*** DATA BLOCK ***

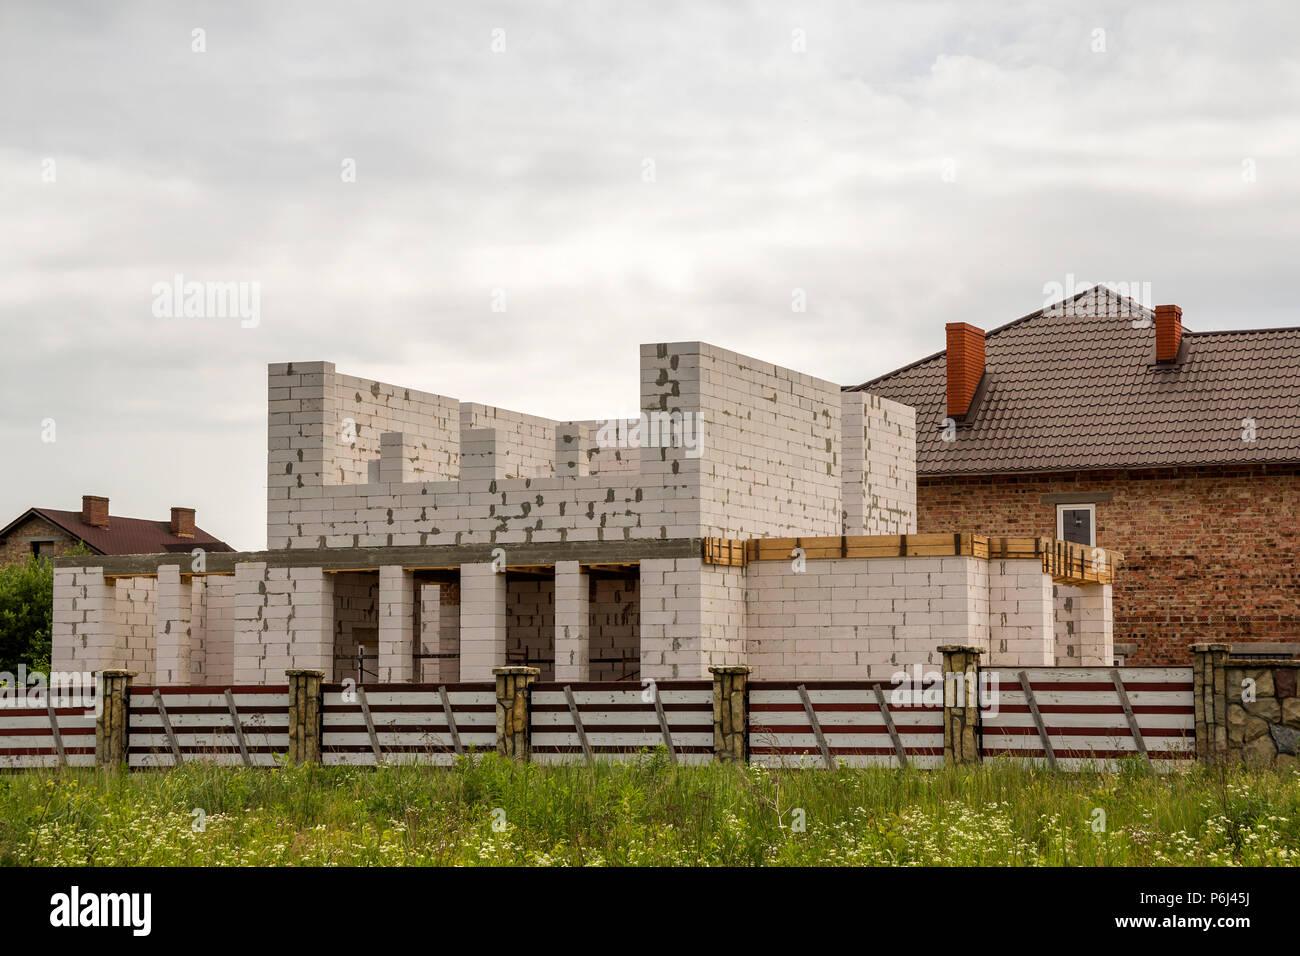 Mattoni Bianchi Per Esterni con mattoni bianchi alti muri per futuro spaziosa casa
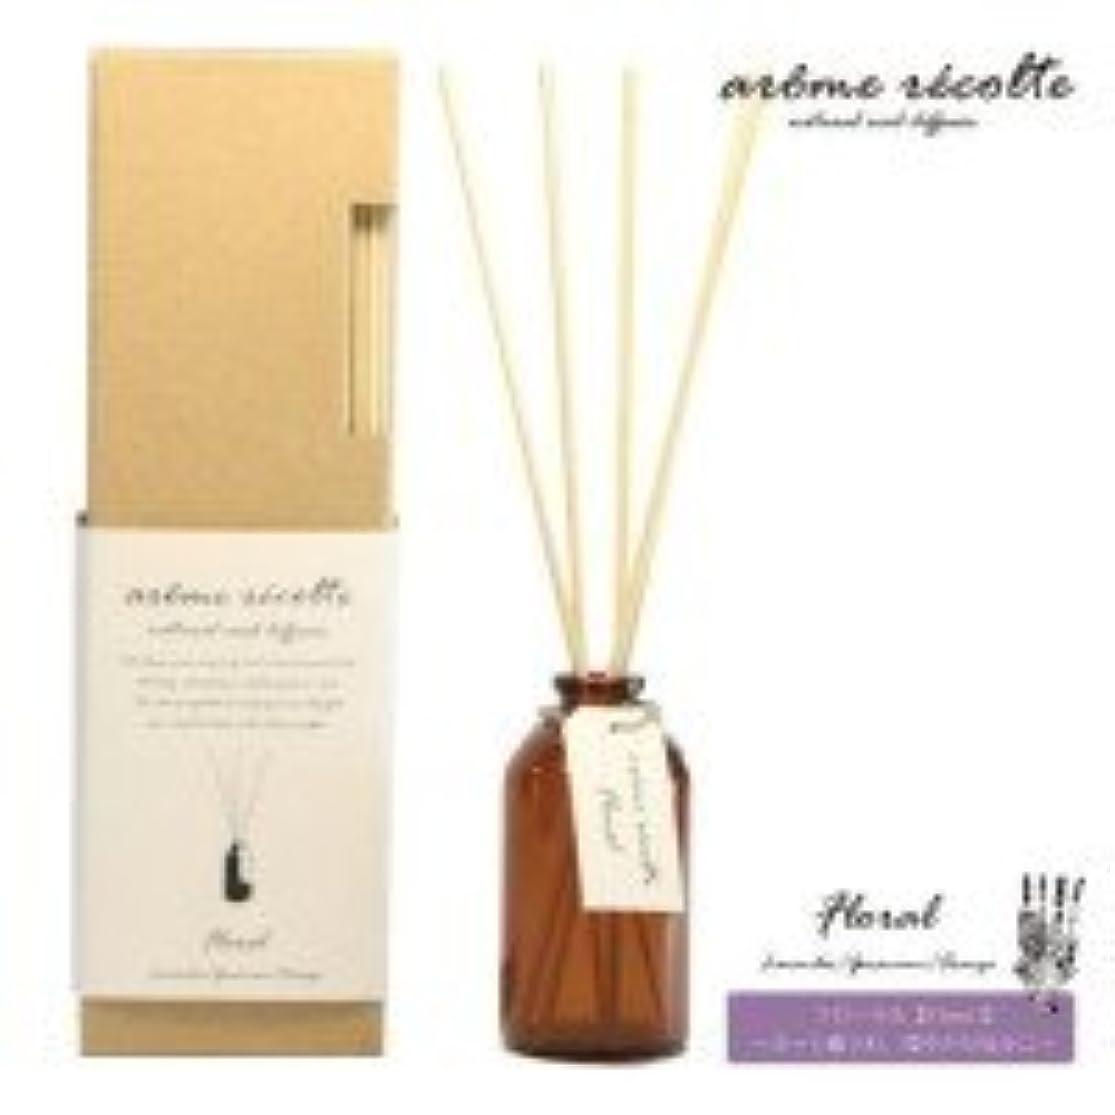 アロマレコルト ナチュラルアロマディフューザー  フローラル【Floral】 arome rcolte
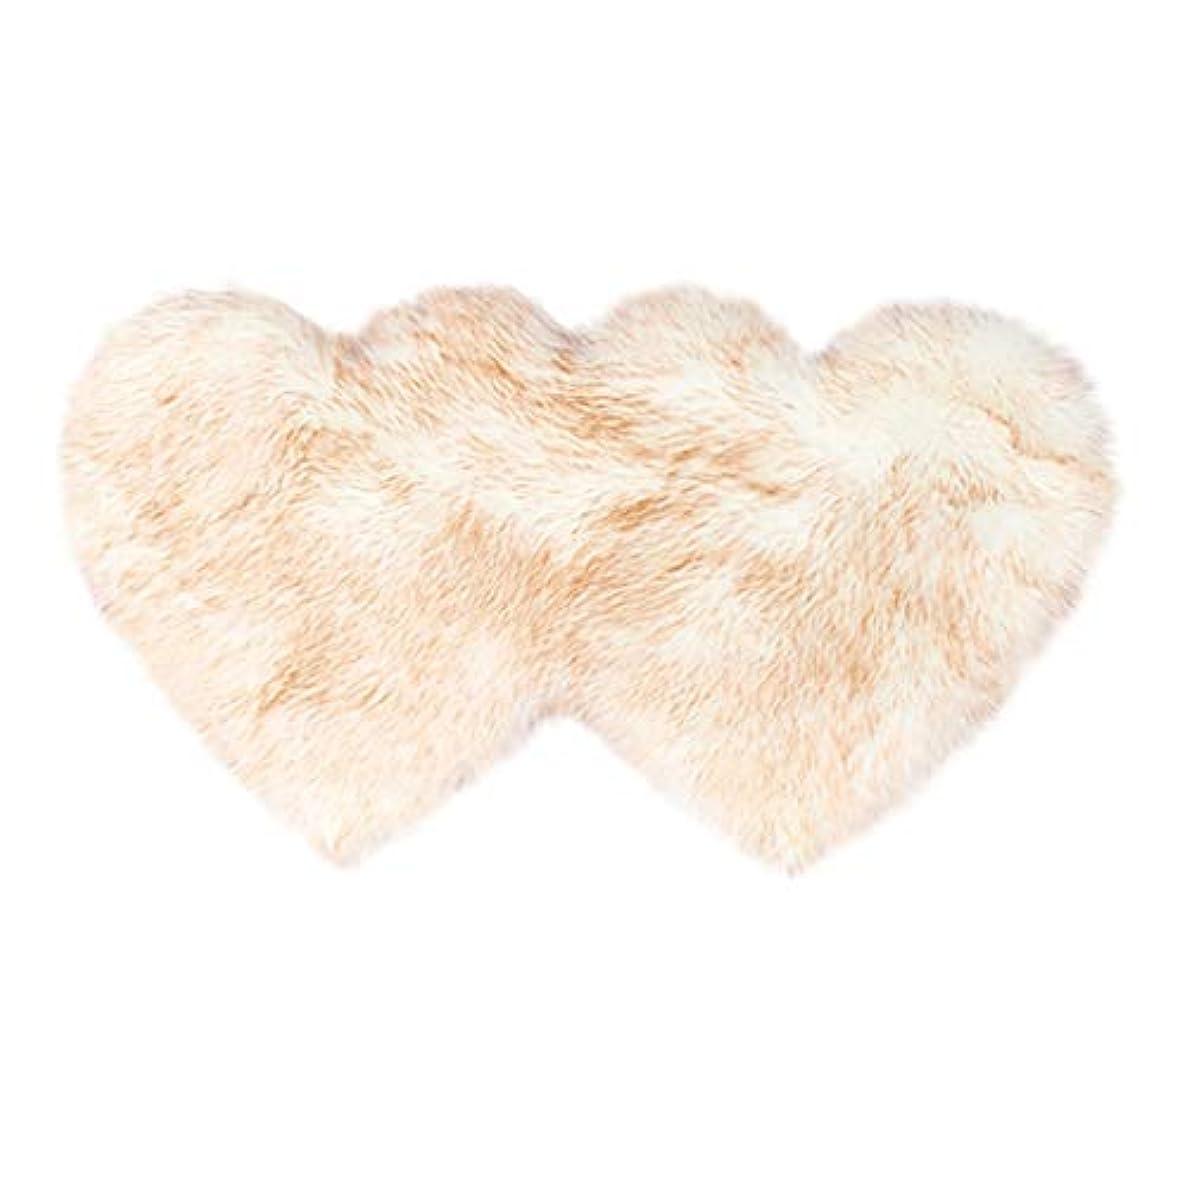 翻訳データベース機械的愛の形の羊毛と羊の皮のじゅうたんと非滑り防止の寝室の毛茸のじゅうたんのマット

*** End of DATA BLOCK ***

## EXERCISE DIRECTIONS
The answer must be the full listing retyped exactly, with no pictures in it.

## RESULT BELOW
 Mattoni Bianchi Per Esterni con mattoni bianchi alti muri per futuro spaziosa casa
 アロマレコルト ナチュラルアロマディフューザー  フローラル【Floral】 arome rcolte
 翻訳データベース機械的愛の形の羊毛と羊の皮のじゅうたんと非滑り防止の寝室の毛茸のじゅうたんのマット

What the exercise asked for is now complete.